Dice la Sagrada Escritura: “Las almas de los justos están en las manos de Dios y no los alcanzará ningún tormento” (Sab 3,1). Todos queremos vivir en paz y llenos de felicidad, y nos afanamos todos los días en alcanzar esa meta aquí en la tierra, pero lo único que experimentamos es una paz y una felicidad en fragmentos porque nuestra vida en este mundo está llena de retos que nos colman de preocupaciones, sin embargo, esto nos ayuda a buscar la eternidad, donde la paz no tiene fin. Para alcanzar este fruto hay que pasar por la muerte como nos dice Jesús en el Evangelio: “Yo les aseguro que, si el grano de trigo sembrado en la tierra no muere, queda infecundo; pero si muere, producirá mucho fruto” (Jn 12,24).
Si bien la muerte nos deja tristeza y lágrimas, al final de cuentas nuestros seres queridos que han sido llamados por Dios a su presencia obtienen lo que Jesús nos promete: Vivir con Dios. San Pablo nos dice: “No queremos que ignoren lo que pasa con los difuntos, para que no vivan tristes, como los que no tienen esperanza. Pues, si creemos que Jesús murió y resucitó, de igual manera debemos creer que, a los que murieron en Jesús, Dios los llevará con él y así estaremos siempre con el Señor” (1Tes 4,13-14).
Festejar la fiesta de los difuntos tiene que ser para nosotros una fiesta de la vida, de la esperanza, una fiesta de fe, el folklore es lo de menos. Son nuestras oraciones las que ayudan a nuestros difuntos y a nosotros porque nos dan confianza en las promesas de Jesús, de ahí nace la alegría para recordar a nuestros seres queridos que viven con Dios.

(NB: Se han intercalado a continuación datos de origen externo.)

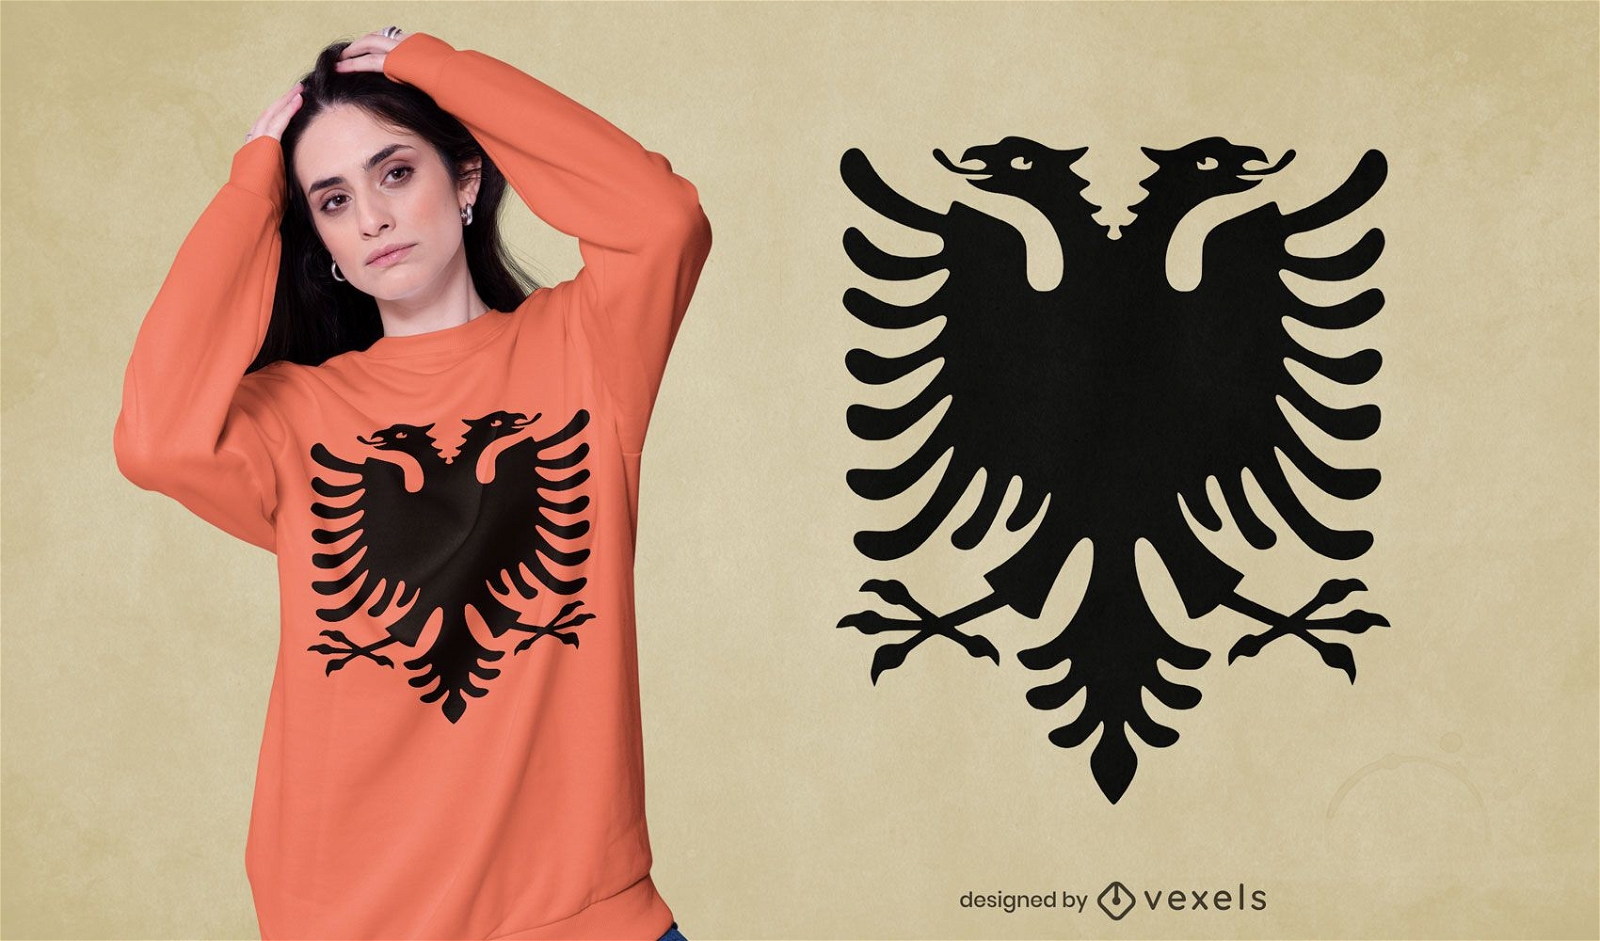 Double-headed eagle t-shirt design

Todas las culturas tienen sus mitos sobre una vida más allá de la muerte, pero nadie llegó a asegurarnos su existencia, esto vino con la revelación en las Sagradas Escrituras y Jesús nos mostró con su propia vida que sí existe una vida mejor que nos viene a través de la Resurrección: “El que come mi carne y bebe mi sangre, tiene vida eterna y yo lo resucitaré el último día” (Jn 6,54).
Con la fiesta de los fieles difuntos, la Iglesia nos invita a renovar nuestra fe en la vida eterna y a agradecerle a Dios por aquellos que ya gozan de su presencia, y que a nosotros nos dé la gracia de saber esperar en sus promesas.